## Task material

.....

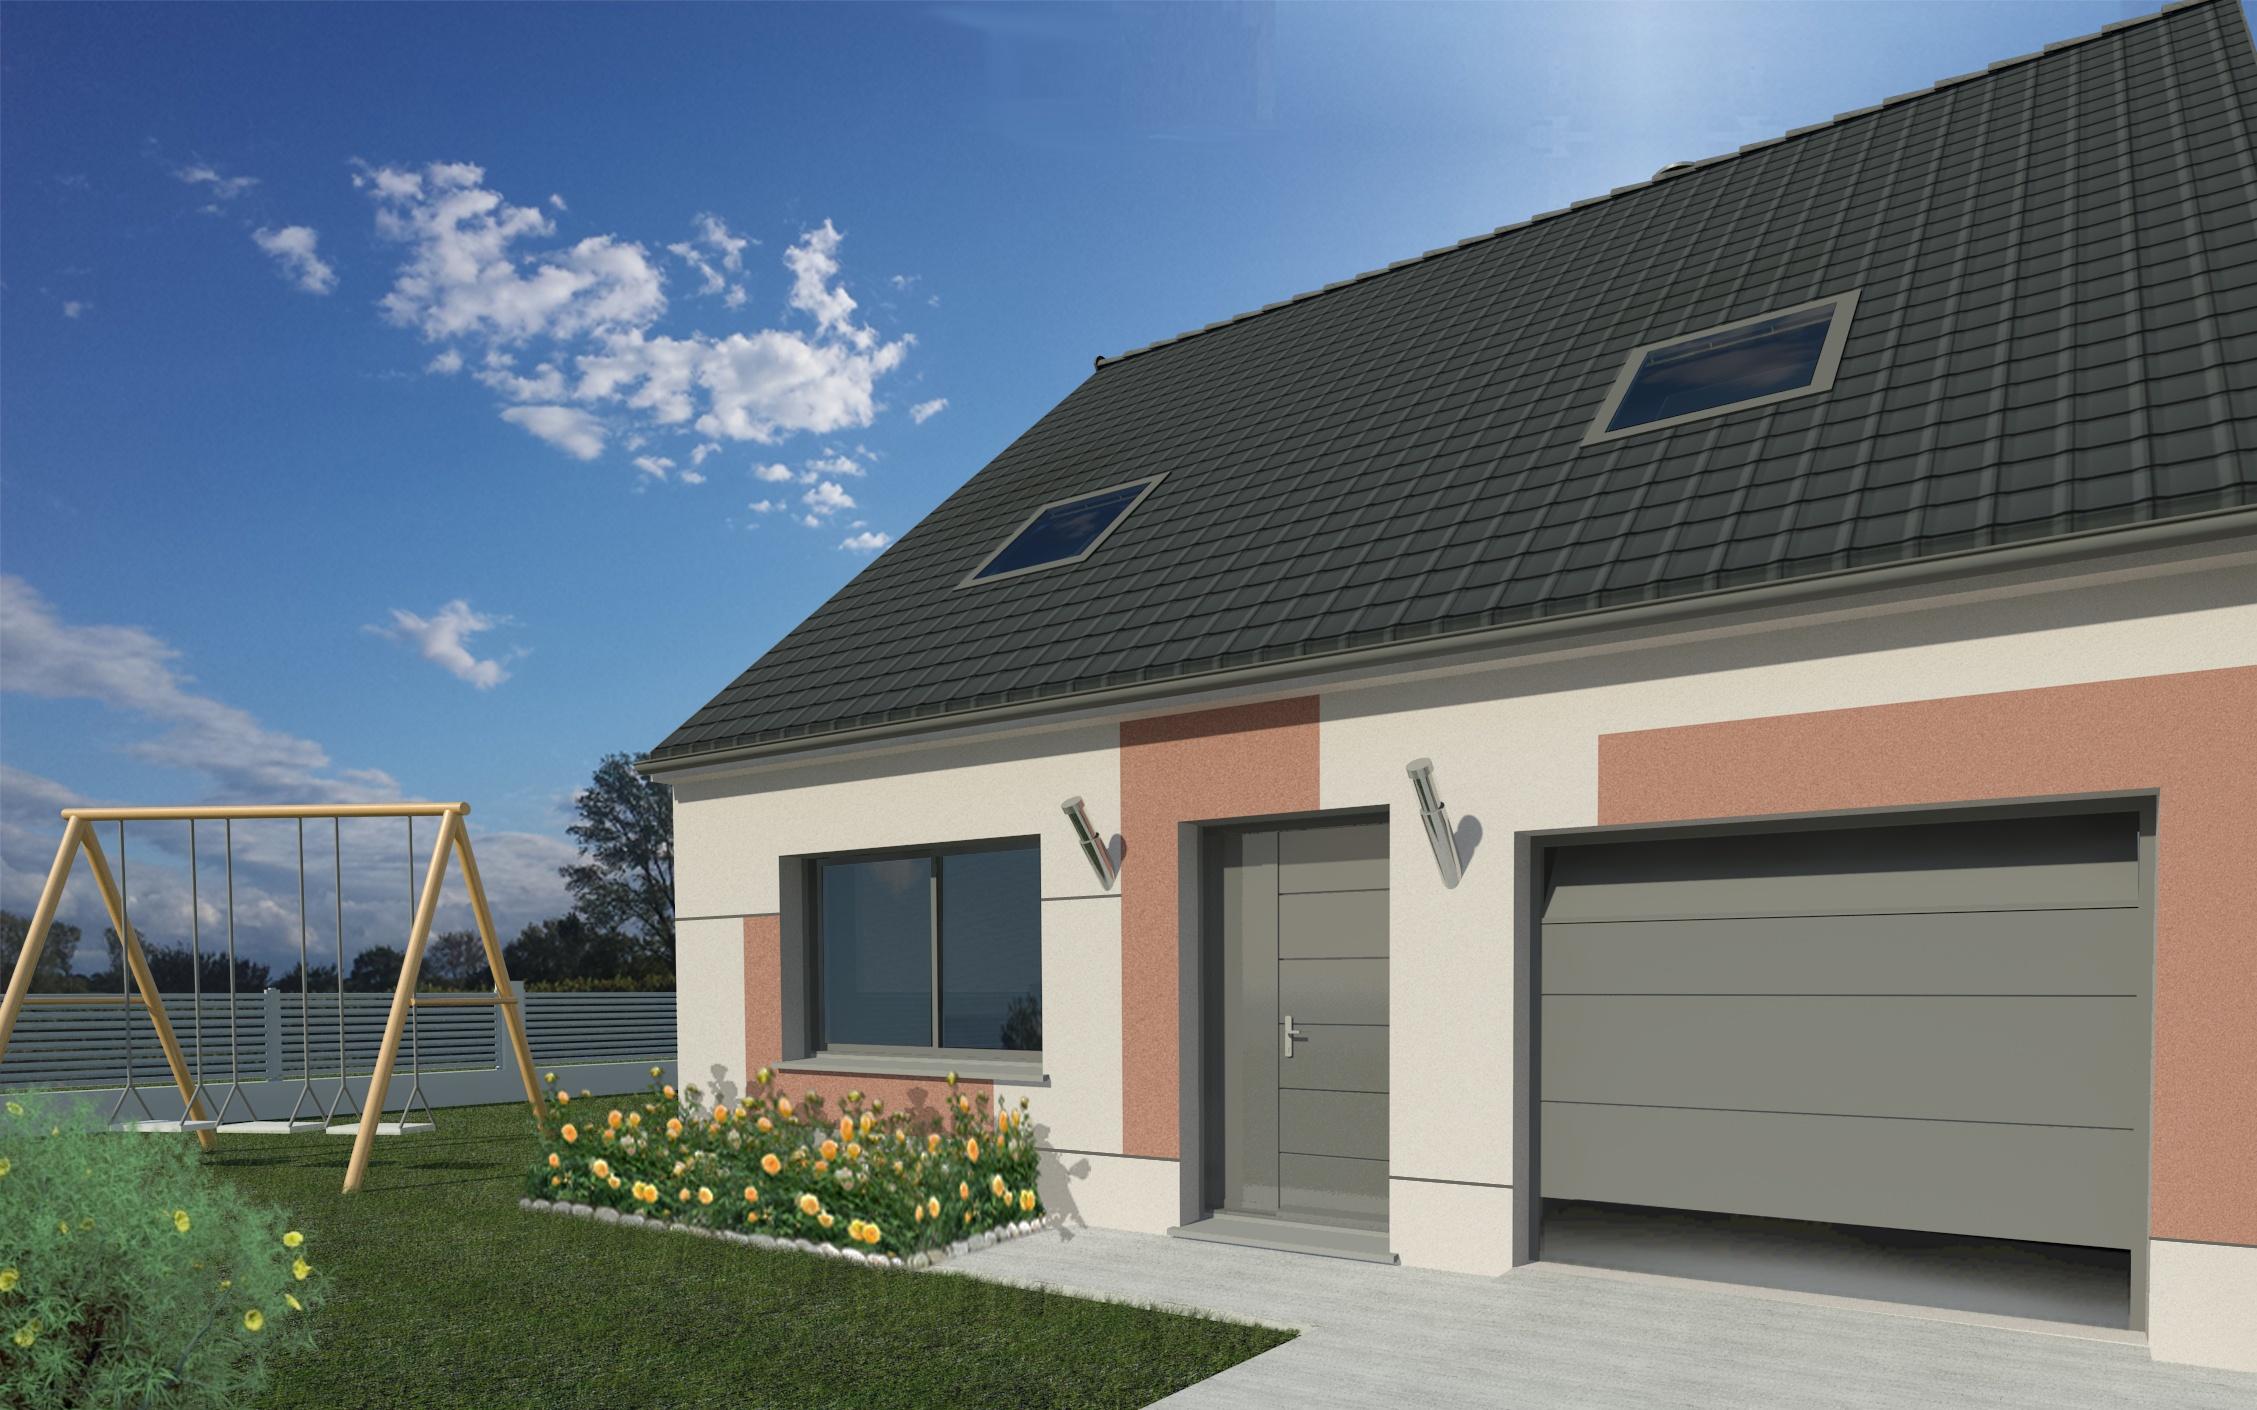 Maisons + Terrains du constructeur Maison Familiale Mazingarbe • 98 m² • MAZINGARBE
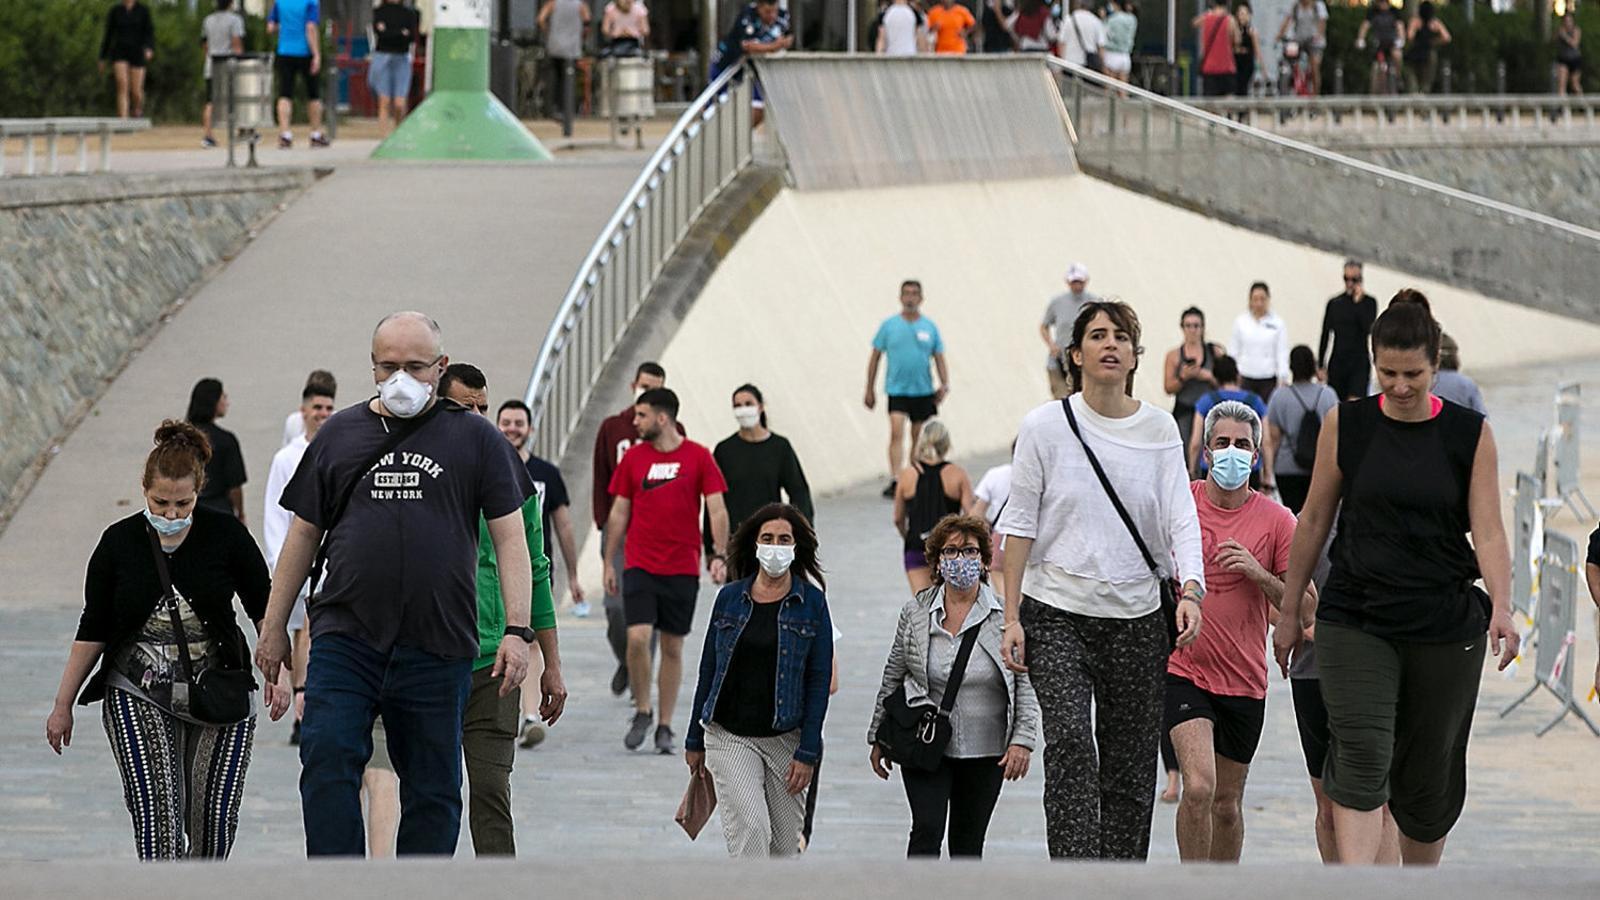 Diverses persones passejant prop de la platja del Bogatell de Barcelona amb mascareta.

.....

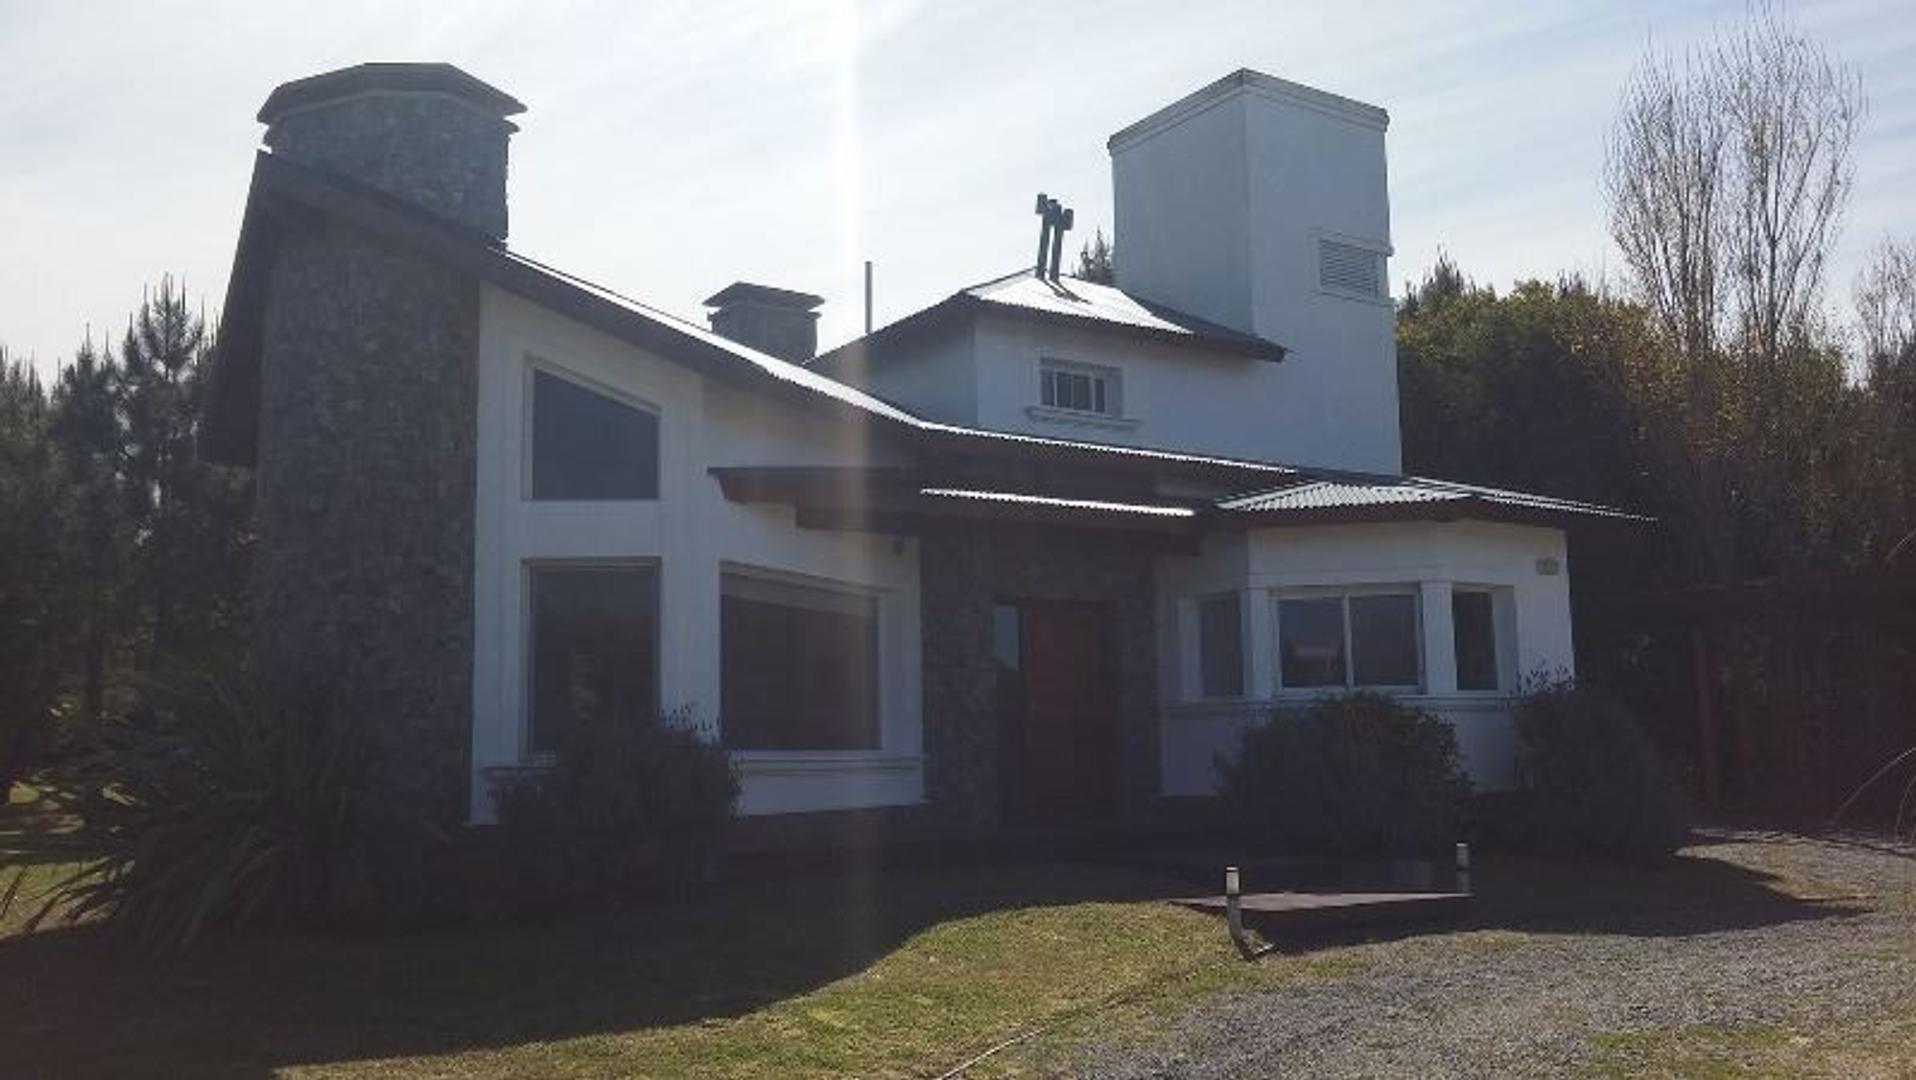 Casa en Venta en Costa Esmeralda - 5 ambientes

.....

## Required work
Only one stretch of the listing is wanted: the lines starting at the one with "Maisons + Terrains" and ending at the one with "Diverses persones passejant", copied exactly and free of pictures.

## Reply to the exercise
 Maisons + Terrains du constructeur Maison Familiale Mazingarbe • 98 m² • MAZINGARBE
 Diverses persones passejant prop de la platja del Bogatell de Barcelona amb mascareta.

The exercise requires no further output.